Abstract

The mechanics of solids is increasingly shaped by the need to model and predict phenomena that span multiple scales and involve the interplay of different physical processes. Real-world materials and structures rarely operate under single-field conditions; instead, mechanical, thermal, acoustic, and electromechanical effects interact in ways that strongly influence their overall behaviour. The contributions collected in this Special Collection of Science Progress illustrate recent progress in addressing such complexity. Together, they demonstrate how phase-field modelling, isogeometric analysis, micromechanical homogenization, and machine learning can be brought to bear on some of the most challenging problems in solid mechanics and materials science.
A central topic in the collection is fracture under thermal loading, a longstanding problem in engineering applications ranging from ceramics to composites. Yang and co-workers [doi:10.1177/00368504251325746] propose a phase-field framework for simulating thermal cracking in which a length-scale-insensitive degradation function is introduced. This formulation alleviates the mesh dependence that has often undermined predictive fidelity in thermo-fracture simulations. By ensuring that thermal gradients and crack propagation are consistently coupled, the method opens the way for more reliable modelling of failure in systems where temperature effects are decisive.
Wave propagation in solids provides another example where multiphysics considerations are crucial. Gao and colleagues [doi:10.1177/00368504251357783] focus on two-dimensional acoustic models with ground reflection, a problem of practical importance in environmental acoustics and vibroacoustic design. They integrate Taylor expansion approximations with deep neural network surrogates into an isogeometric framework. The resulting approach maintains the geometric accuracy and spectral properties of isogeometric discretization while significantly accelerating computation. Their work exemplifies a growing trend in the field: combining rigourous numerical techniques with data-driven accelerators to make high-fidelity simulation feasible for large and complex systems.

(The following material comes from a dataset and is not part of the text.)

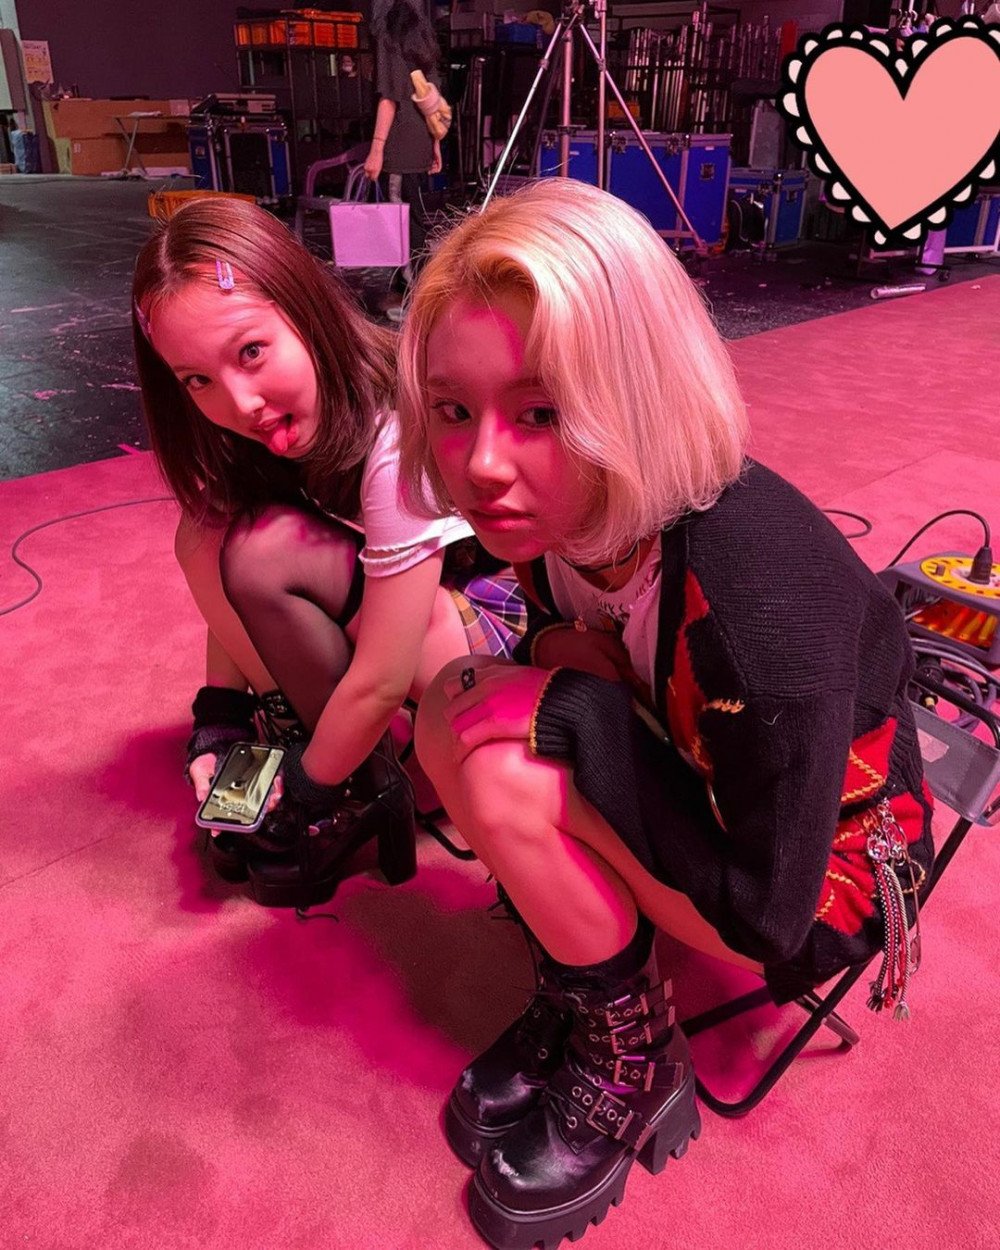 TWICE's Nayeon and Chaeyoung the latest Instagram update

The collection also highlights the role of machine learning in predicting functional properties of advanced materials. Ferroelectrics and piezoelectrics present particular challenges because their dielectric and electromechanical responses depend sensitively on microstructure and composition. Wang et al. [doi:10.1177/00368504251320846] demonstrate that deep neural networks can be trained to predict dielectric properties of ferroelectric materials with accuracy and efficiency, thereby providing a powerful surrogate for computationally expensive first-principles or continuum approaches. Building on this theme, Zhang and co-authors [doi:10.1177/00368504251359081] apply a similar strategy to sodium bismuth titanate (NBT)-based ceramics, predicting their piezoelectric properties through neural network modelling. These two studies, taken together, show how data-driven approaches are increasingly capable of bridging the gap between complex material descriptors and macroscopic functional performance, enabling faster exploration of design spaces for next-generation lead-free ceramics.
Complementing these methodological and data-driven contributions is a study of micromechanical interphases in bio-based composites. Grant, Hadavinia, Williams, and Koutsonas [doi:10.1177/00368504251324044] address the challenge of characterizing the elastic properties of interphase regions in cellulose nanocrystal/epoxy nanocomposites. Using a combination of analytical homogenization and finite element simulations, they quantify the differences between untreated and esterified interphases. Their results demonstrate how subtle chemical modifications can significantly influence interphase stiffness and thereby alter the effective mechanical properties of the composite. This work underscores the importance of interphases in multiscale mechanics and highlights the potential of bio-nanocomposites as sustainable high-performance materials.
Although these contributions address problems that range from thermal fracture and acoustic wave propagation to dielectric and piezoelectric functionality and composite micromechanics, several common threads emerge. Each study underscores the need for methods that can faithfully transmit information across scales, whether from microstructure to macroscopic response or from detailed boundary interactions to large-scale system behaviour. Each also emphasizes efficiency alongside rigour, whether through length-scale-insensitive formulations, surrogate modelling with deep learning, or hybrid analytical–numerical approaches. Above all, the works show how advances in modelling are driven by application challenges, ensuring that theoretical and computational developments remain connected to practical engineering needs.
In presenting these five open-access contributions, this Special Collection provides a timely overview of the challenges and opportunities at the intersection of scales and physics in solids. The works collected here will serve as both practical resources and conceptual inspiration for researchers in mechanics, materials science, and applied mathematics. We thank the authors, reviewers, and editorial staff whose efforts have made this collection possible, and we hope it will stimulate further advances in the predictive modelling of complex solid systems.